Buscando assumir essa função estruturadora do trabalho pedagógico, os livros didáticos tendem a apresentar não uma síntese dos conteúdos curriculares, mas um desenvolvimento desses conteúdos; a se caracterizar não como um material de referência, mas como um caderno de atividades para expor, desenvolver, fixar e, em alguns casos, avaliar o aprendizado; desse modo, tendem a ser não um apoio ao ensino e ao aprendizado, mas um material que condiciona, orienta e organiza a ação docente, determinando uma seleção de conteúdos, um modo de abordagem desses conteúdos, uma forma de progressão, em suma, uma metodologia de ensino, no sentido amplo da palavra (BATISTA, 2001, p. 29).

Algumas décadas já se passaram, mas as pesquisas continuam atestando que essa visão de livro didático vem se consolidando ao longo dos anos. Conforme Lajolo (1996), a precaríssima situação educacional faz com

que ele acabe determinando conteúdos e condicionando estratégias de ensino, marcando, pois, de forma decisiva, o ‘que’ se ensina e ‘como’ se ensina o que se ensina (p. 4).

Sobre esse aspecto, Freitag et al (1989) complementam: o livro didático não é visto como instrumento de trabalho auxiliar na sala de aula, mas sim como a autoridade, a última instância, o critério absoluto de verdade, o padrão de excelência a ser adotado na aula (p. 124).

Bittencourt (1998) acrescenta que, além do livro didático continuar sendo o principal instrumento de trabalho para professores e alunos, passou a ser também, para os pais, um material indispensável, os quais consideram-no como referencial básico para o estudo (p. 71).

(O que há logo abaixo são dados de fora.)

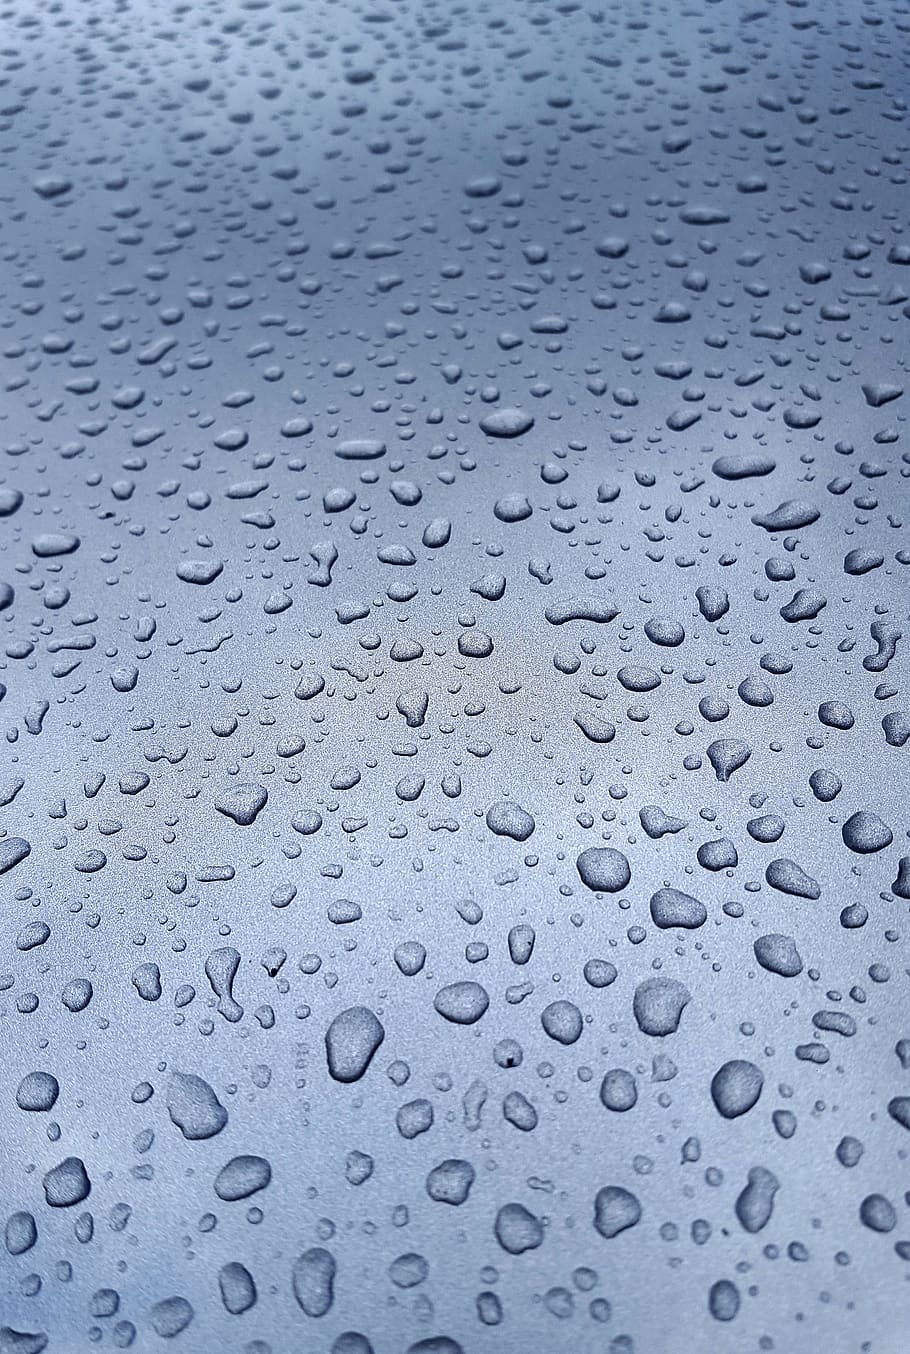 chuva, janela, gota de chuva, pintura, automático, molhado, frisado, gota de água, padrão, triste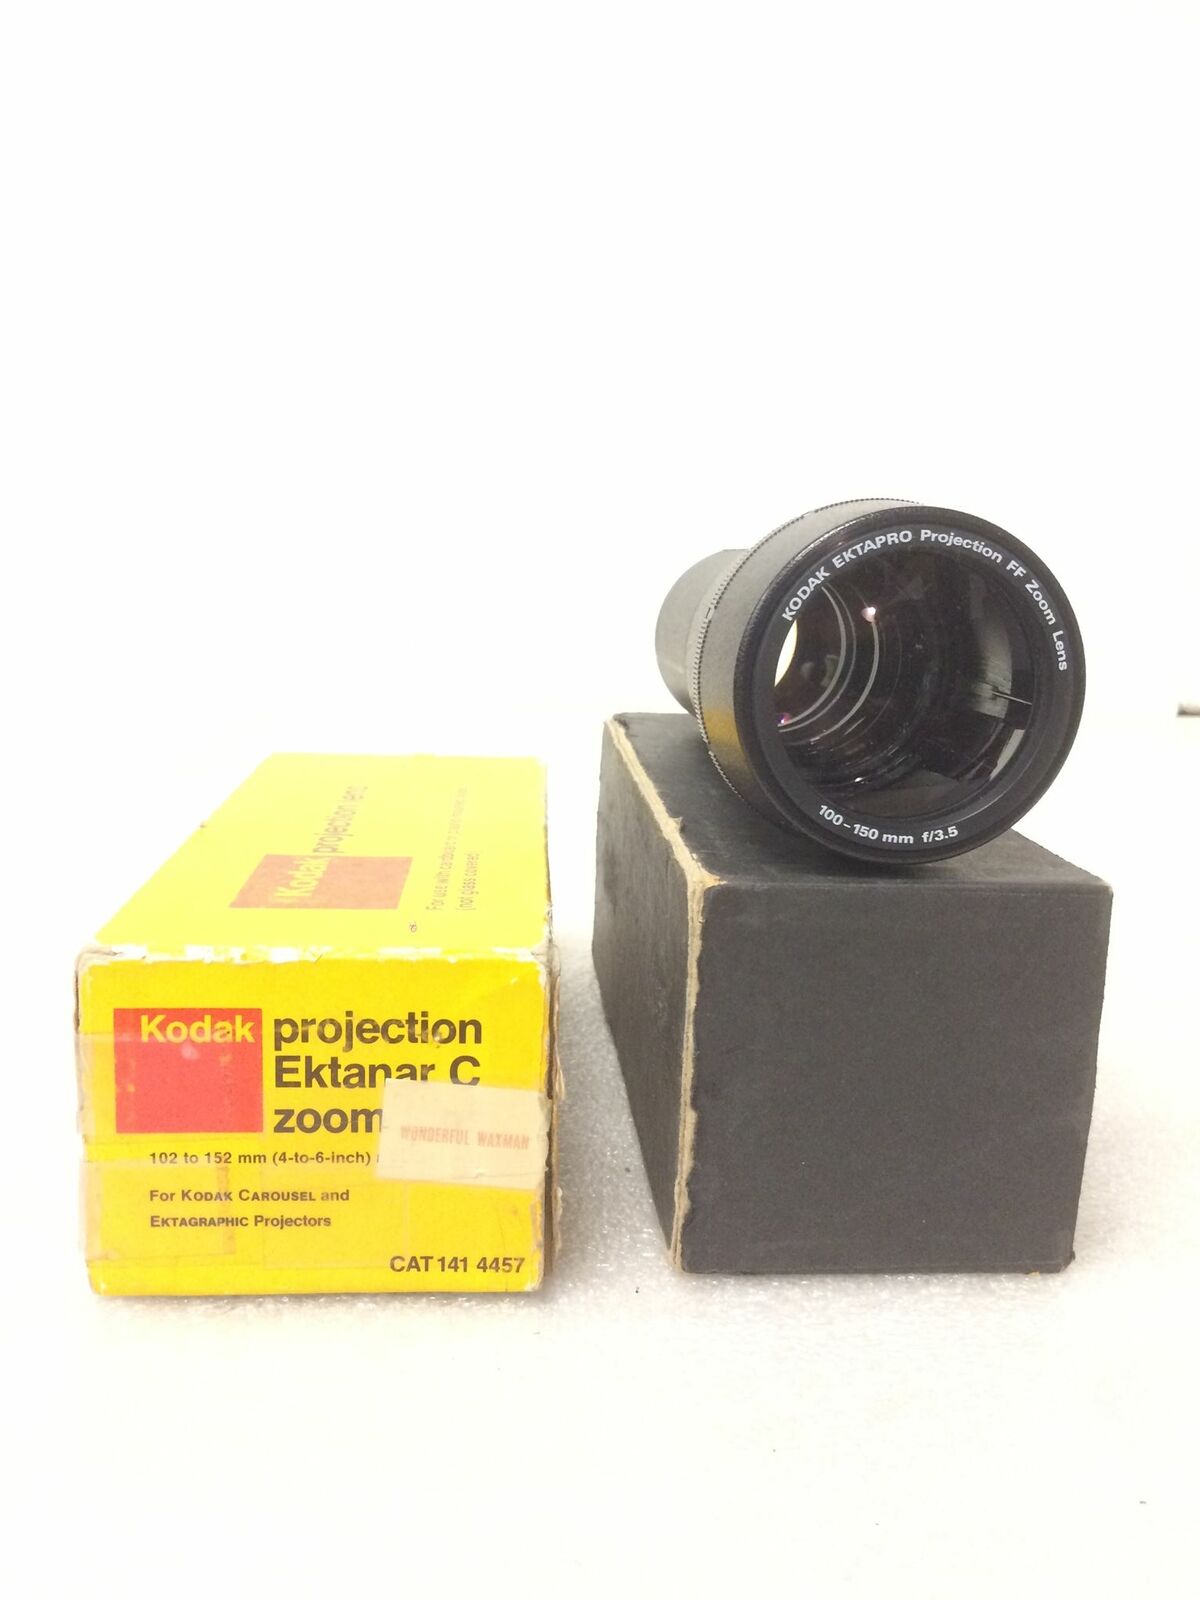 Kodak Ektanar C Zoom Projection Lens 100 To 150 Mm F/3.5 Lumenized 141 4457

É comum, portanto, ouvirmos depoimentos de professores que se sentem pressionados pelos pais, especialmente em escolas privadas, a cumprirem integralmente o programa proposto pelo livro adotado. Como bem lembra Souza (1999a), ele é encarado como um paradigma que sustenta a transmissão de saber via escola (p. 94). Para essa autora, inclusive, o trabalho dos agentes do MEC (através do Plano Nacional do Livro Didático) contribui para legitimar o LD como fonte quase que exclusiva de transmissão de conhecimento em contexto escolar (SOUZA, 1999a, p. 57-58).

Na opinião de Silva (1996), a tradição do livro didático, sustentada por pais, organização escolar, marketing das editoras e imaginário de professores, acabou associando a aprendizagem ao cumprimento das liturgias dos livros didáticos.

Não é à toa que a imagem estilizada do professor apresenta-o com um livro nas mãos, dando a entender que o ensino, o livro e o conhecimento são elementos inseparáveis, indicotomizáveis. E aprender, dentro das fronteiras do contexto escolar, significa atender às liturgias dos livros, dentre os quais

se destaca aquela do livro “didático” (...) pois é assim mesmo (e somente assim) que se aprende (SILVA, 1996, p. 11).

Dessa forma, a partir das considerações acima levantadas, percebe-se a necessidade da realização de estudos que visem à análise avaliativa desse objeto tão presente no contexto escolar brasileiro. Paraíso (1997) nos adverte para a importância de investigações dessa natureza:

Daí a importância de estudos que examinem atentamente esses livros didáticos, já que eles orientam as práticas pedagógicas, selecionam o que é válido e, portanto, o que merece ser ensinado, são os direcionadores das aprendizagens escolares e, por fim, são materiais centrais do “currículo em ação” (PARAÍSO, 1997, p. 92).